With that said, here's how I'd invest $20,000 in ASX 200 shares for a supercharged second income.
What I'd look for in ASX 200 dividend shares
First, in building my passive income stream, I'd likely restrict myself to ASX 200 shares.
Sure, there are some high-yielding small-cap stocks. And some of them may well continue to deliver big dividend payouts. But there's no getting around the fact that investing in the smaller end of the market carries more risk.
Second, I'd spread my $20,000 across a number of different stocks (at least 10) involved in very different sectors. That kind of diversity will help reduce my risk of depending on one sector (or company) to perform well in order to bank my second income.
Third, I'd look for well-managed companies with a solid growth outlook, keeping in mind that a trailing yield is backwards looking. I want to do my best to invest my $20,000 in companies that will maintain or, ideally, increase that yield over time.
Now with that also said, here are three ASX 200 dividend shares I'd put at the top of my list for that supercharged second income.
Three stocks to consider for a second income
First up we have Pilbara Minerals Ltd (ASX: PLS).
The blue-chip lithium producer recently announced its inaugural dividend after reporting a 989% increase in half-year net profit after tax (NPAT) compared to the prior corresponding period.

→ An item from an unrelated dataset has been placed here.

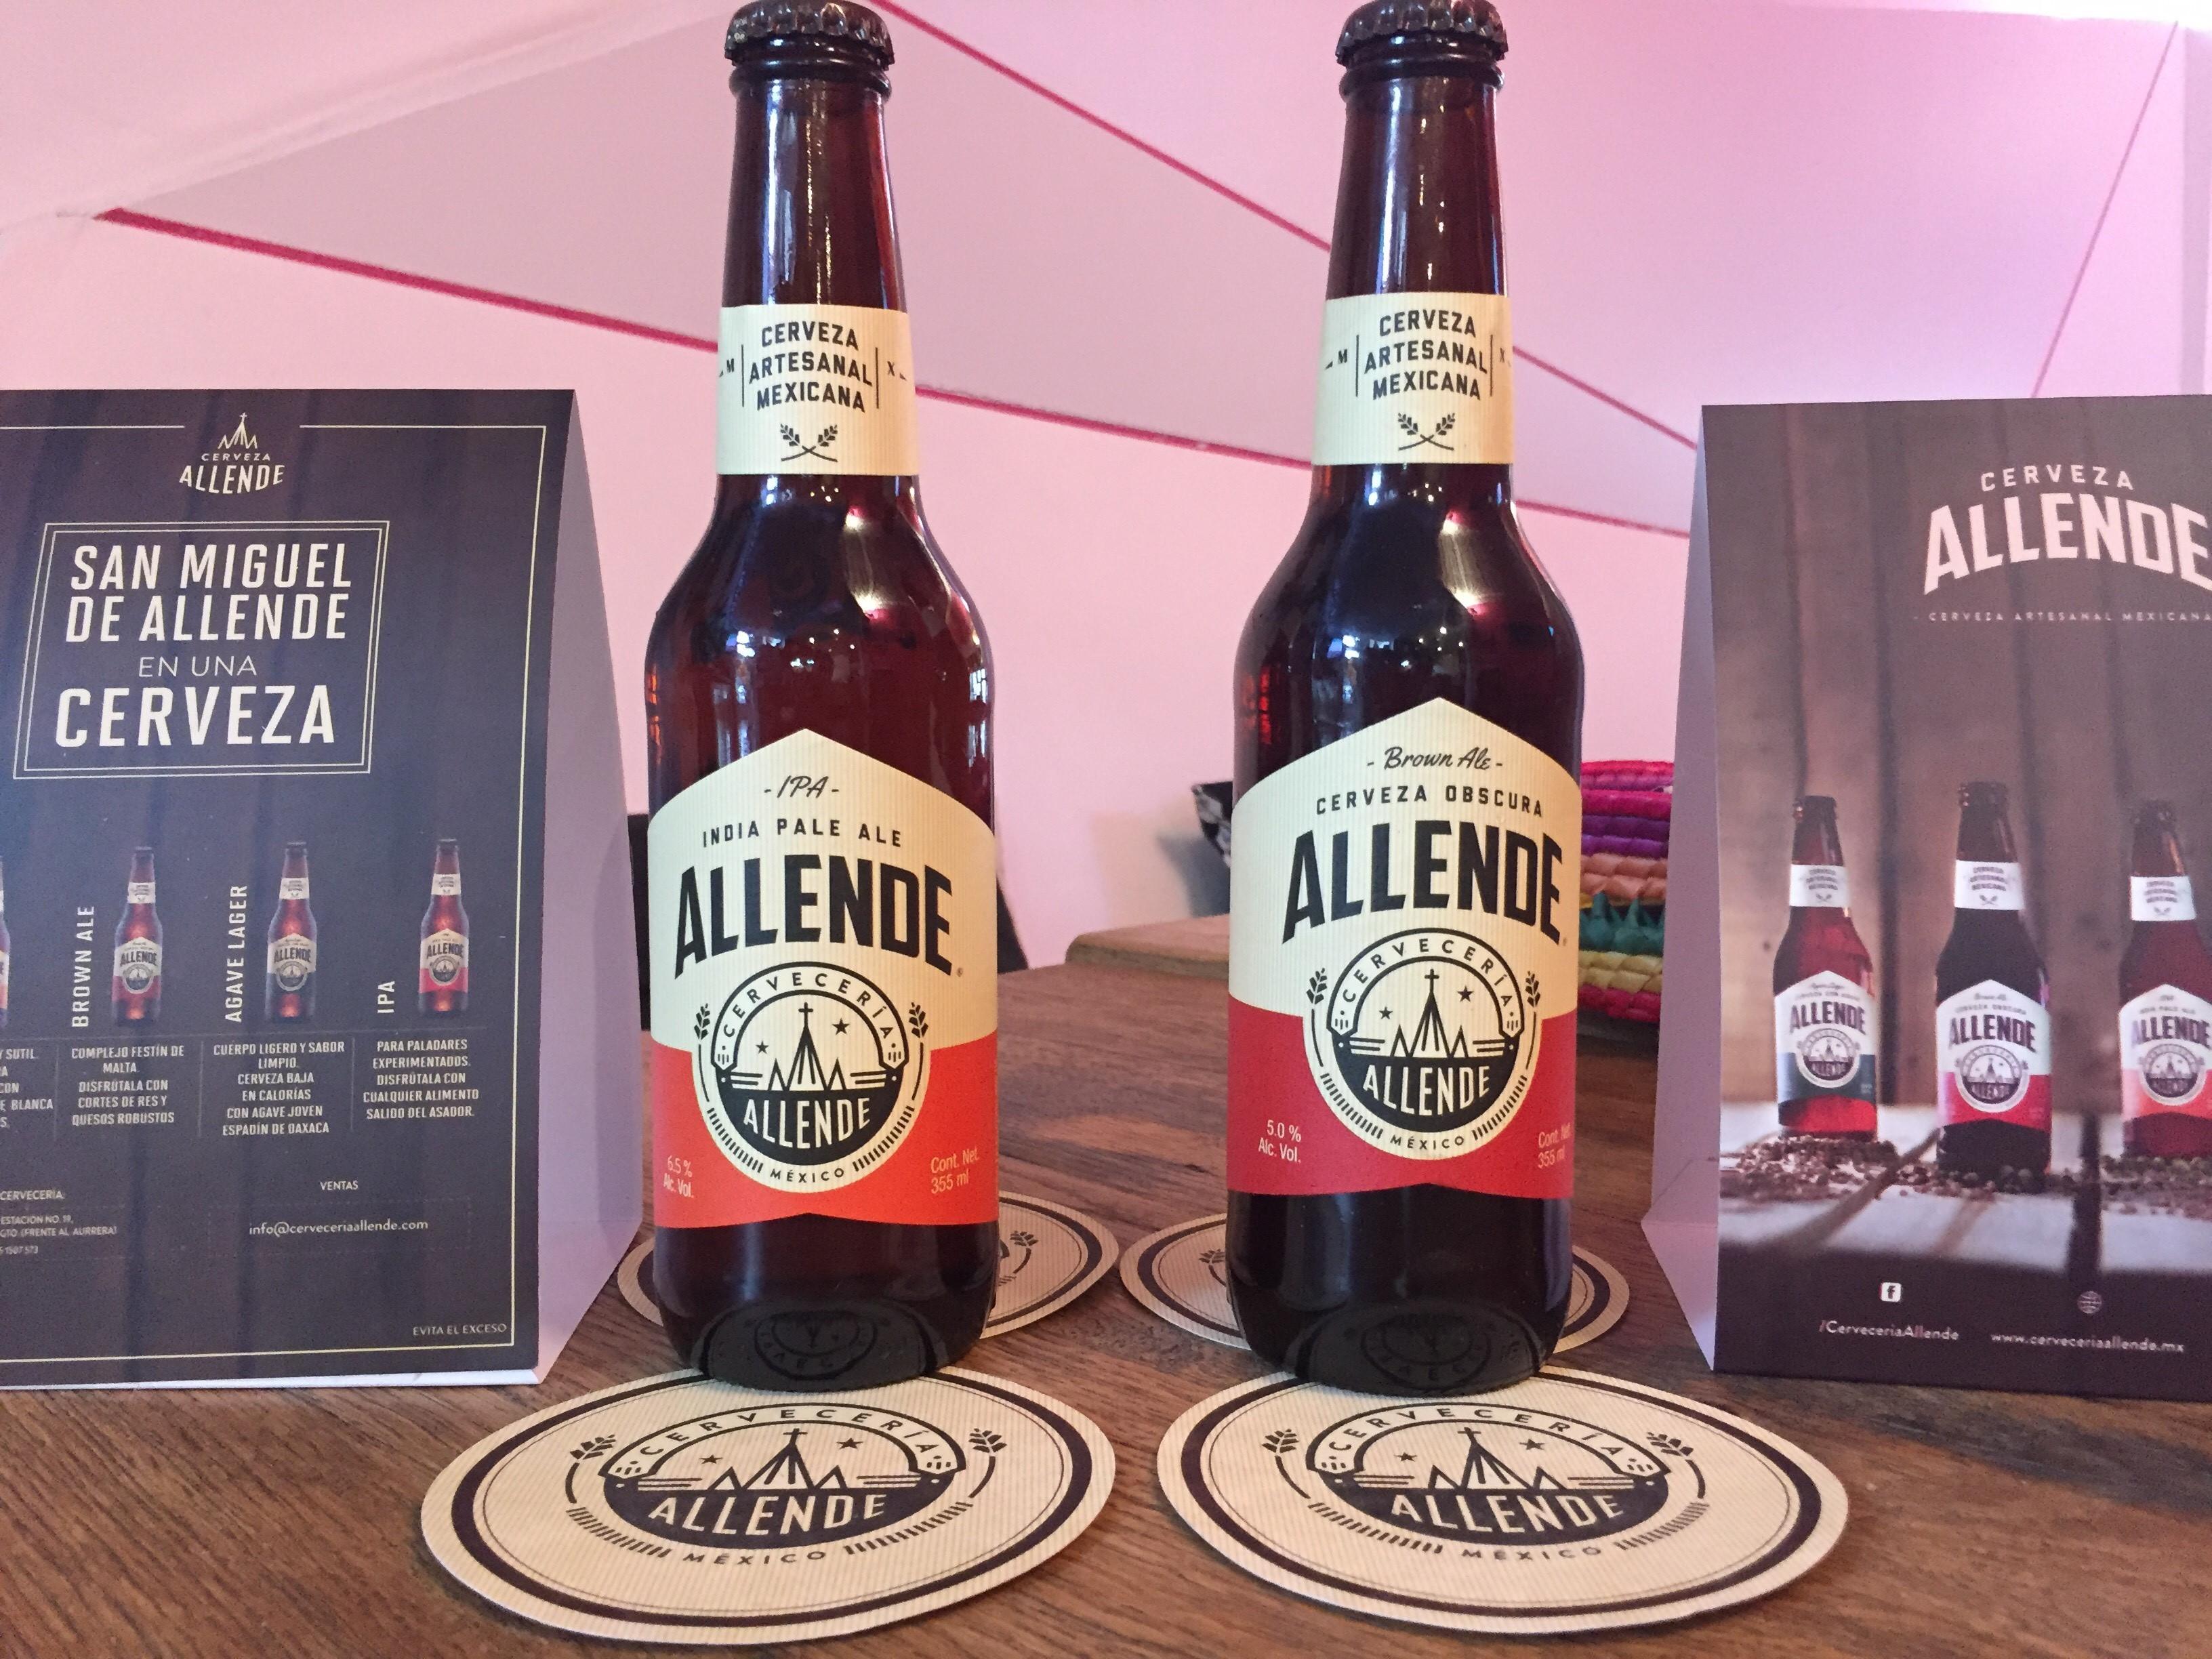 Bienvenidos a Cerveceria Allende

While the fully franked dividend of 11 cents per share was the company's first, I don't expect it to be the last.
The analysts at Goldman Sachs agree. Goldman forecasts Pilbara will pay a final dividend of some 20 cents per share. That would see a full-year payout of 31 cents per share, which works out to a trailing yield of 7.6% at yesterday's closing price.
Atop the dividend payouts, there's the potential for more capital growth as well.
As you can see in the chart below, the Pilbara Minerals share price has gained 53% over the past 12 months.
The second ASX 200 share I'd buy with part of that $20,000 is Westpac Banking Corp (ASX: WBC).
Westpac paid out a final, fully franked dividend of 64 cents per share on 20 December and an interim dividend of 61 cents per share on 24 June. At yesterday's closing price, that works out to a trailing yield of 5.6%.
And Goldman Sachs has a bullish outlook for the big bank's future payouts. Goldman forecasts Westpac will pay fully franked dividends of $1.47 per share in FY 2023 and $1.56 per share in FY 2024. That's a forecast yield of 6.6% for this financial year and 7% for the next.
The Westpac share price, shown below, is up 2% over the past 12 months.
Which brings us to the third ASX 200 share I'd buy for a supercharged second income, Coles Group Ltd (ASX: COL).
The supermarket giant recently reported a 17.1% year-on-year increase in its half-year NPAT, to $643 million. That saw management boost the fully franked, interim dividend by 9.1% to 36 cents per share.
Atop the 30-cent final dividend, paid out on 28 September, Coles trades on a trailing yield of 3.7%.
The Coles share price is up 3% over the past full year.
If I invested in each ASX 200 share equally, I'd earn a dividend yield of 5.6% (running with Goldman Sachs' estimate for Pilbara's final dividend payout).
If yields remain at this level (they may go higher or lower), that would earn me a passive income stream of $1,120 per year, along with the franking tax credits.
With a long-term, supercharged second income in mind, I would reinvest those dividends and let compounding interest work its magic over time.